The ALJ stated that she must follow a two-step process in which it must first be determined whether there is an underlying medically determinable physical or mental impairment that could reasonably be expected to produce Roberts' pain or other symptoms. (Id.). Second, once an underlying physical or mental impairment that could reasonably be expected to produce the claimant's pain or other symptoms has been shown, the ALJ must evaluate the intensity, persistence, and limiting effects of the claimant's symptoms to determine the extent to which they limit the claimant's ability to do basic work activities. (Id.). For that purpose, the ALJ must make a finding of credibility of the statements based on a consideration of the entire record. (Id.).
The ALJ found that Roberts' medically determinable impairments could reasonably be expected to produce the alleged symptoms, but that her statements concerning the intensity, duration and limiting effects of the symptoms were not entirely credible to the extent they were inconsistent with the RFC assessment. (Id.).
The ALJ determined that Roberts' allegations of total disability due to mental impairments were not fully credible. (Id. at 18). In her initial disability report, she only alleged disability due to physical impairments, not mental. The record revealed several diagnoses for mental impairments, but as England stated, some of the diagnoses were not supported by sufficient medical evidence. In addition, her allegations of mental limitations were not fully credible because her symptoms were significantly exacerbated by her substance abuse. (Id.).

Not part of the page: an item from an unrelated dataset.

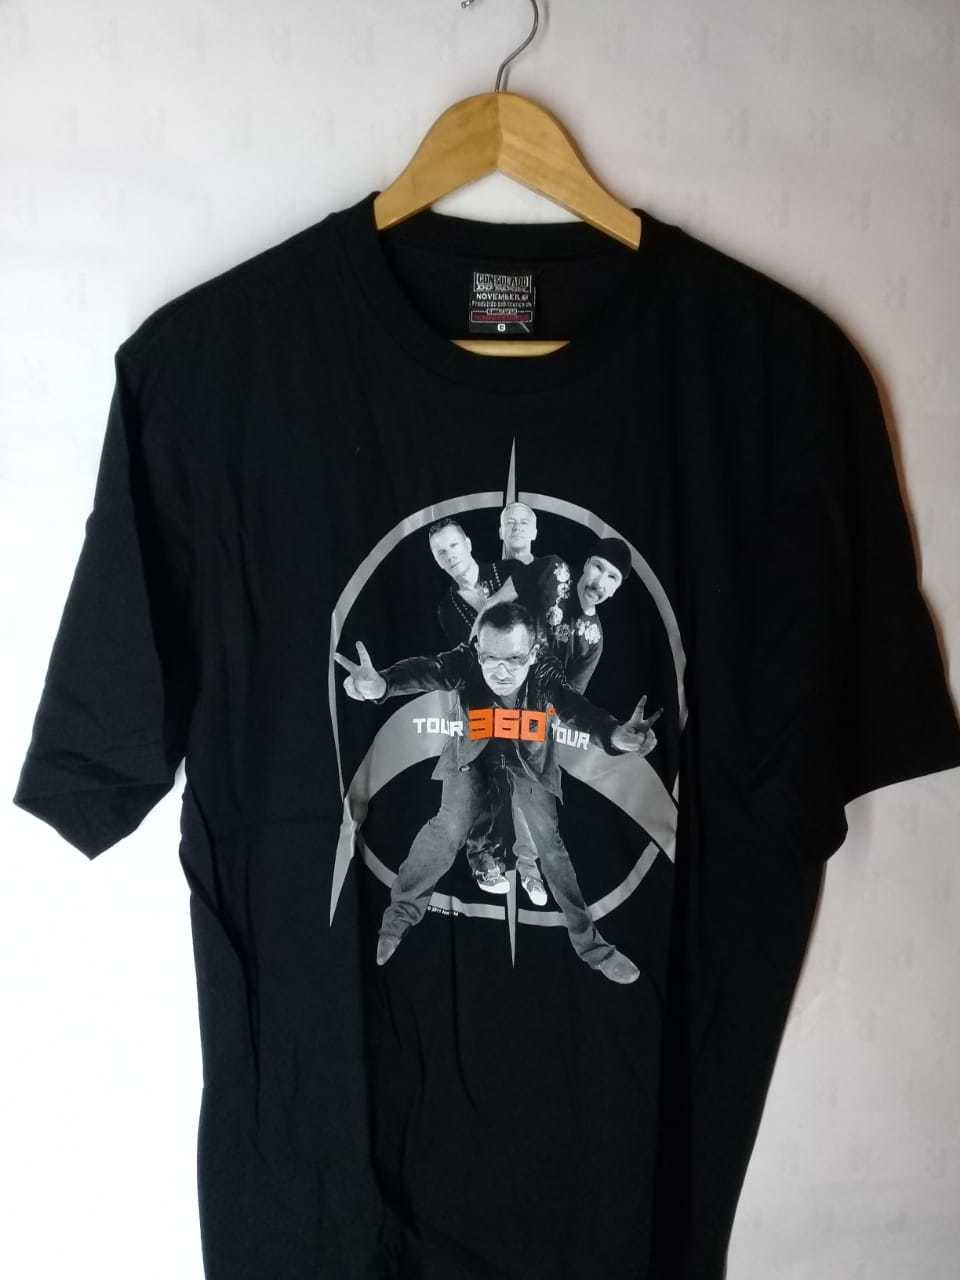 Camiseta Masculina U2  Tour 360

The ALJ stated that Roberts had not received treatment for her mental impairments as would be expected from a totally disabled individual. (Id. at 19). There was also evidence that Roberts had not been entirely compliant in taking prescribed medications, which suggested that the symptoms may not have been as limiting as she alleged. (Id.). The record showed that Roberts admitted her condition was better on medications, but she did not always take them. When Roberts relapsed on methamphetamines, she stopped taking her medication because she said she was feeling fine. The ALJ found that, even if Roberts were completely compliant with medications, unless she can remain sober, her treatment would not be effective. Overall, the claimant's course of medical treatment and use of medication was not consistent with her allegations of disabling mental impairments. (Id.).

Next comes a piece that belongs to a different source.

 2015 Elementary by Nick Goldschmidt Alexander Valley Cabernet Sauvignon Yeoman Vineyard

The ALJ found that Roberts' allegations as to her drug use were not fully credible and that she had not been completely forthcoming with information about her drug use. (Id.). Her repeated relapses and failed drug treatment attempts also reduced the credibility of her allegations of sobriety. The ALJ found the record showed a more severe substance abuse problem than alleged by Roberts. (Id.). Roberts had never maintained a significant period of sobriety in which the severity of her mental impairments could be evaluated without drugs and alcohol. As a result, the ALJ could not find the claimant's mental impairments totally disabling. (Id. at 20).
The ALJ noted that Roberts had alleged disability due to several physical impairments, including back pain, mild scoliosis, arthritis, and asthma. (Id.). Although Roberts testified and reported that she was in constant severe, extreme pain, the ALJ determined that the objective medical evidence did not demonstrate abnormalities which would interfere with her ability to perform the range of work identified earlier. (Id.).
The ALJ stated that the objective medical evidence did not support Roberts' alleged limitations. (Id.). The ALJ stated that Roberts' condition had "been clouded with an overlay of drug use and drug seeking behaviors." (Id. at 21). The ALJ stated that the objective findings could not account for the limitations and pain testified to at the hearing and that these medical findings would not be expected to be associated with a totally disabled individual. (Id.).
The ALJ found no medical evidence to support Roberts' claims of extreme limitations in her arms such that she has difficulty writing and reaching, pushing and pulling. (Id.). Roberts worked in a production setting in 2006, which required at least the same amount of hand use typical of jobs within the RFC. The production work was after Roberts had been given a five percent disability determination by Kumar. Based on her ability to work after that determination, Roberts' condition appeared to have improved. (Id.). In light of the improvement, the ALJ granted little weight to Kumar's opinion, and the ALJ found Roberts had no limitation with her right hand. (Id. at 22).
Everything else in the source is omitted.